Boğaziçi'nin imajı
Boğaziçi Üniversitesi'nin imajı zedeleniyor. Gülay Hocam'ın zor günleri. Yanında olmalıyım.
Gülay Hocam çok demokratik... Rektör olmak kolay mı? Herkese gülücük dağıtacak, herkesle samimî görüneceksiniz. Kıran kırana yarışta ipi ancak böyle göğüslersiniz. PKK'cılar mı varmış... Onlar da kimler? Bomba koymadıktan sonra, PKK'ya destek için istedikleri kadar imza toplasınlar... "Hendek açma demokratik haktır" mı diyorlar... Ama üniversitede hendek açmadılar ki. Sadece hendek dillerinde!...
İmzacılar güvenlik güçlerini katliamcı gösteriyorlar... Göstersinler... Fikirlerini söylüyorlar. Hem üniversitede adem-i merkeziyetçi bir yönetim var. Kimsenin fikir ve inanç sahasına girilemez, di mi hocam!
Adamlar art niyetli... Gülay Hocamın adem-i merkeziyetçiliğini, demokrasideki sınırları yıkan anlayışını hemen suistimal ediverdiler. Üniversitenin kadrolu elemanı, "demokratik" haklarını kullanarak bomba düzenekli arabaları kampüse sokuvermiş. "Kadrolu eleman" PKK'nın 'içerideki' faaliyetlerinde başı çekiyor ve sağduyulu öğrencileri tehdit edebiliyordu. (Daha önce yazmıştım). İtiş kakış olmuş... TBMM'de bile yumruk yumruğa giriyorlar. Demokrasilerde böyle şeyler önemsenmez, di mi hocam!

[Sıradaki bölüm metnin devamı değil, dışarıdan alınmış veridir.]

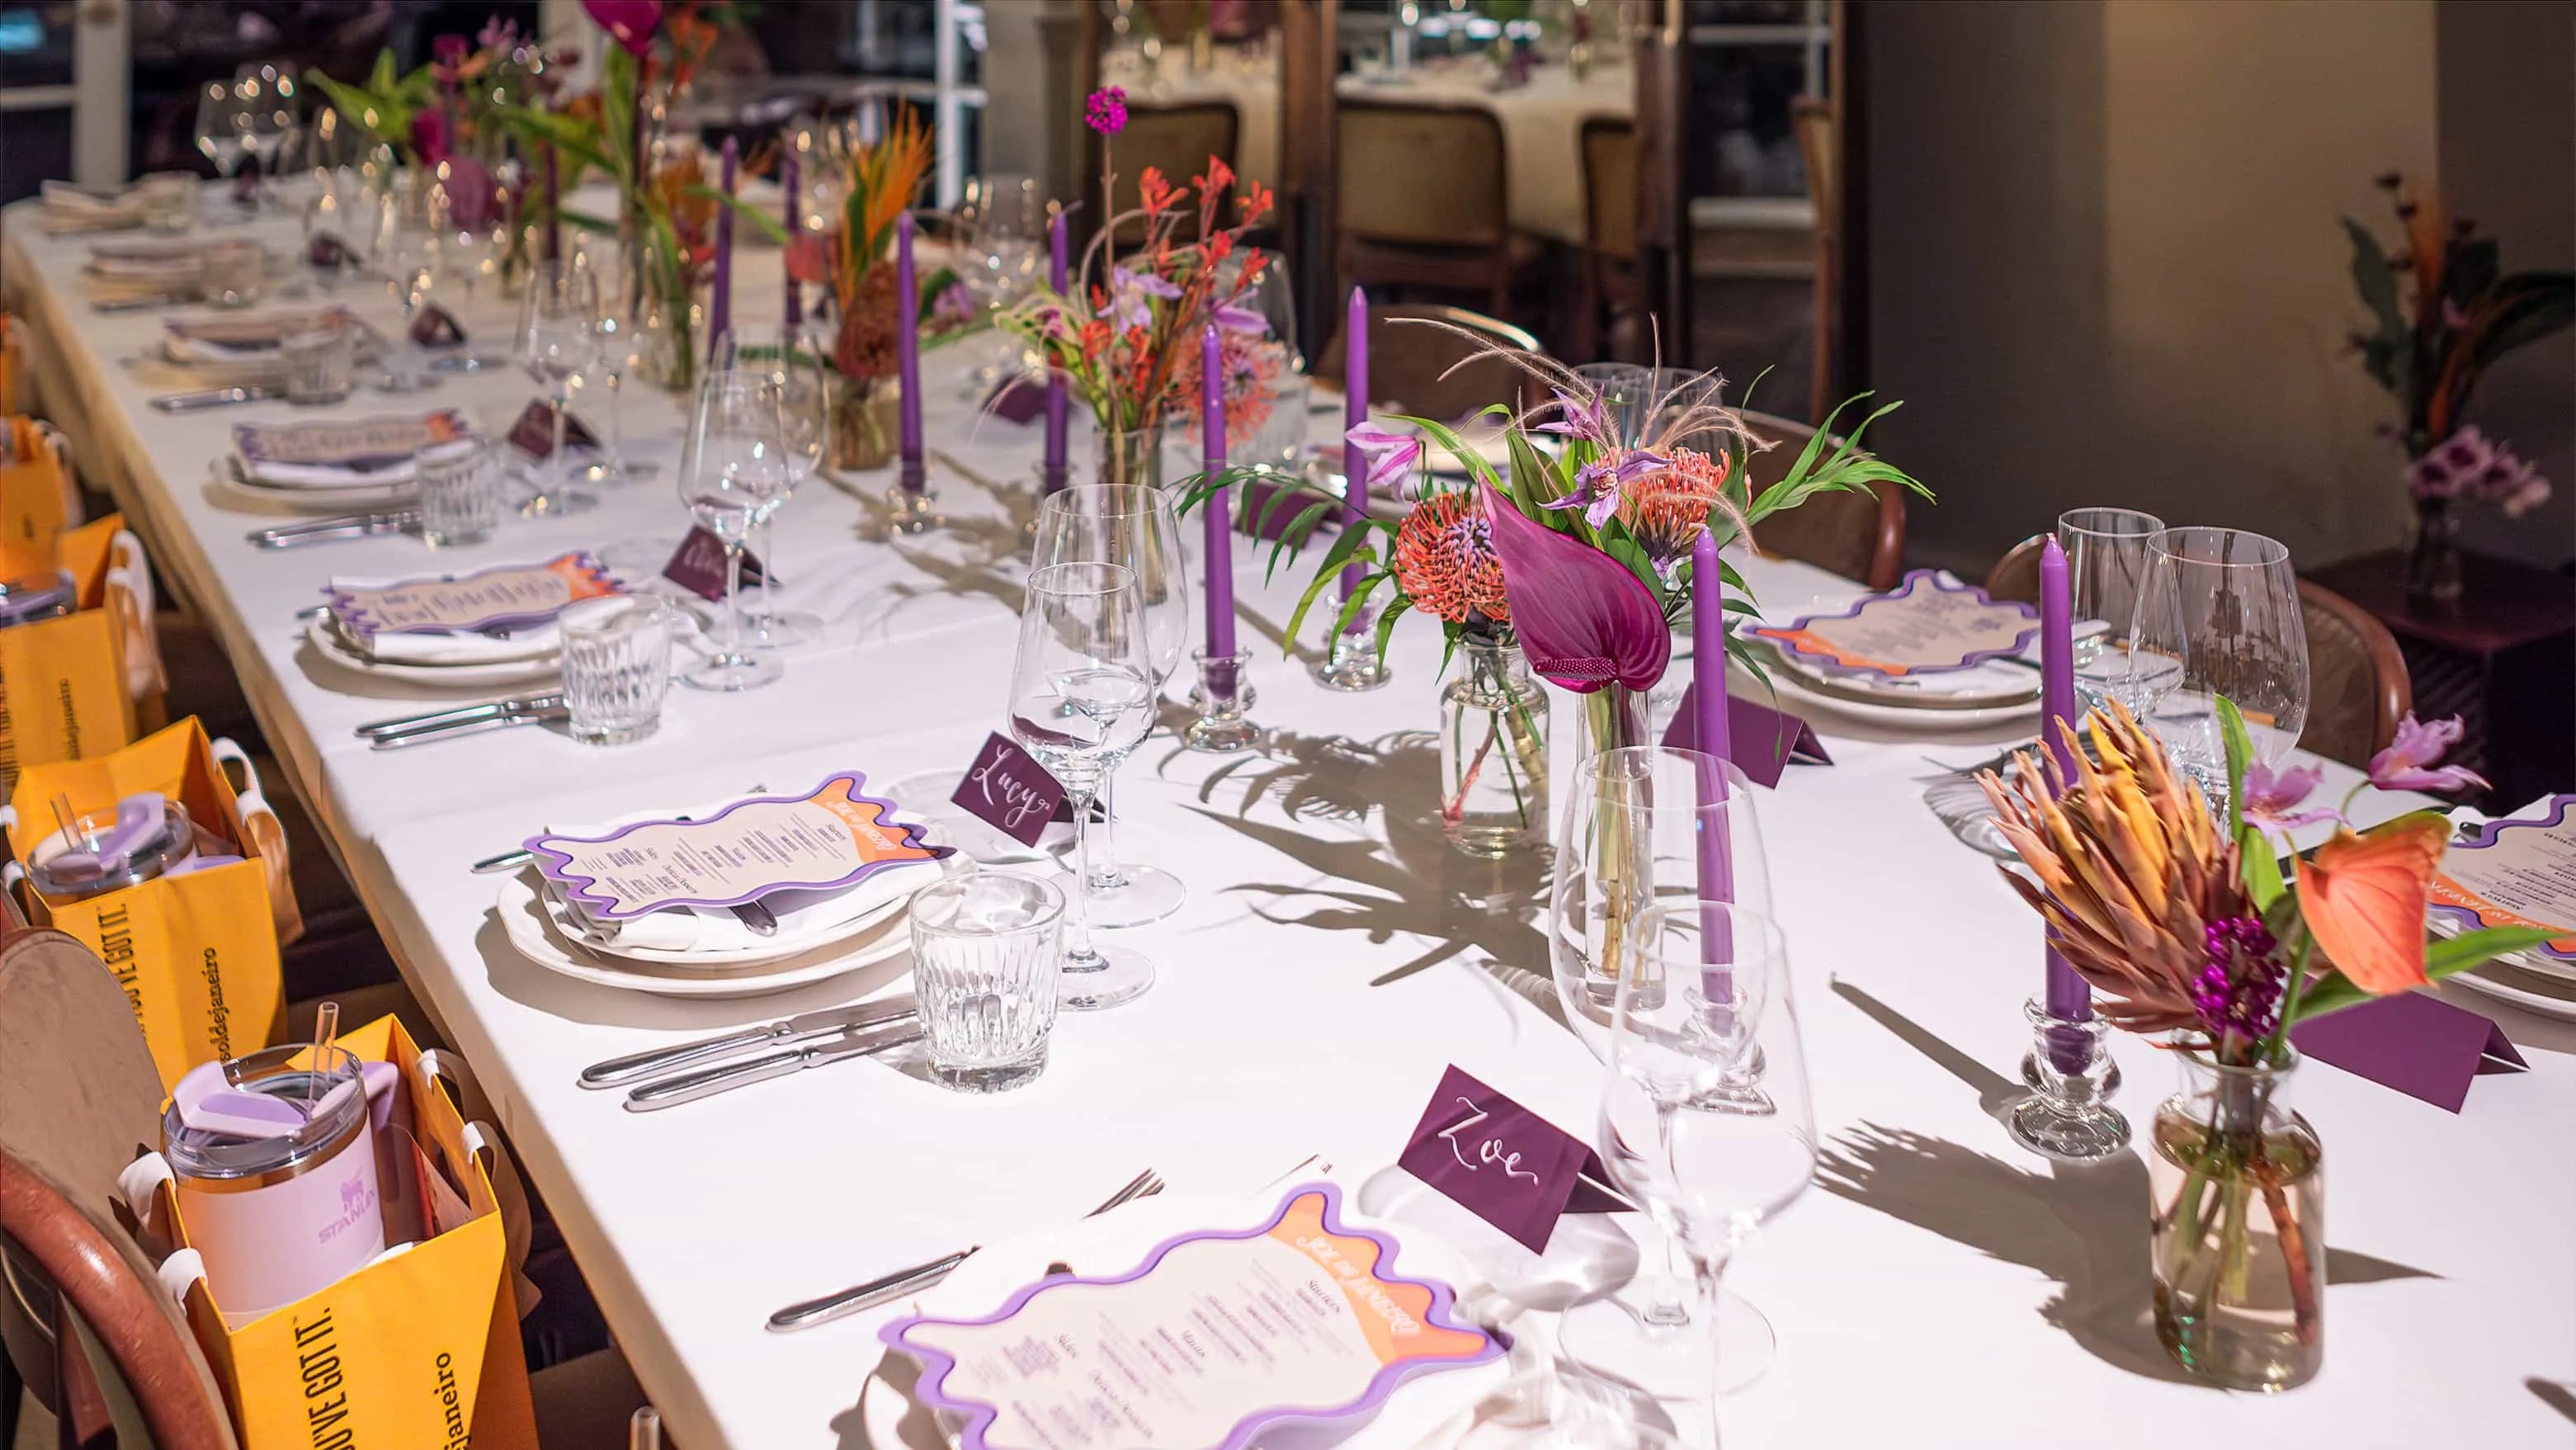 Elegantly set dining table at Maine Mayfair restaurant with Amaranté London's floral centerpieces, fine glassware, and personalized place settings for an exclusive Sol de Janeiro event.

Danışmanları Gülay Hocamı ikaz etmemiş olabilirler (Biraz şüpheliyim onlardan.), belki üniversitede bir örgüt var. O kişi yalnız değil. İmza merkezi ile o kişi arasında bağlantı olup olmadığı ortaya çıkarılmalıdır. Tabii bu Gülay Hocamın işi değildir. Güvenlik güçlerinin bir çalışma yapmaları gerekiyor. Yalnız, Gülay Hocam merakımı giderirse sevinirim: Boğaziçi'nde, varsa eğer bir örgüt, bu örgütün faaliyetlerini adem-i merkeziyetçilik içinde görebilir miyiz?
Gülay Hocam Hürriyet gazetesine telefon etmiş anlaşılan... "İmaj tazeleme çalışması yapacağım. Lütfen bana yardım edin."
Hürriyet yönetimi uzun bir mülâkat yaptırmış. İki bomba düzenekli aracın üniversitede bulunması bayağı canını sıkmış Gülay Hocamın. Bağış toplamak için Boğaziçi mezunu zenginleri 12 Mart'ta bir araya getirmek istiyor. Bomba düzenekli arabalar kampüste ortaya çıktıktan sonra, zenginler uzak durabilirlerdi.
Zenginlerimize, para verin derken, 40 küsur öğrenci kulübünün neredeyse hepsinde PKK sempatizanlarının borusunun öttüğü yönündeki kuvvetli şayialar sorulursa Gülay Hocam ne cevap verecektir? Bir de eroin övgücüsü, Türk'e katil deyip ödül aldığı iddia edilen üniversiteye, konuşsun diye çağrılıyor. Bunlar da sorulabilir.
R. T. Erdoğan PKK destekçisi imzacılara söylemediğini bırakmadı, biliyorsunuz. En çok imzacı da bu üniversiteden. Zenginler önce işlerini düşünürler. Boğaziçi'nde PKK sempatizanları neden fazla sorusu yöneltilirse ya? Acaba diyorum, öğretim üyeleri seçilirken, PKK destekçileri hususiyetle mi tercih ediliyor? Örgüt, sistemli çalışmayla PKK ve "Hepimiz Ermeniyiz" grubunu üniversiteye mi sokuyor?
Sizin yanınızdayım. İmajınızı düzeltmeniz için var gücümle destek vereceğim. Ama kimsenin aklında bir soru olmamalı değil mi Gülay Hocam?
Sahi hocam, geçen yıl, PKK'nın kuruluş yıldönümü kutlamaları sizin üniversitede, Şahenklerin bağışladığı Ayhan Şahenk salonunda yapılmıştı. Salonda asılı duran Türk bayrağı indirilmişti. Bayrağımız yerine asıldı mı? Şahenklerin de bilgisi var; sorabilirler!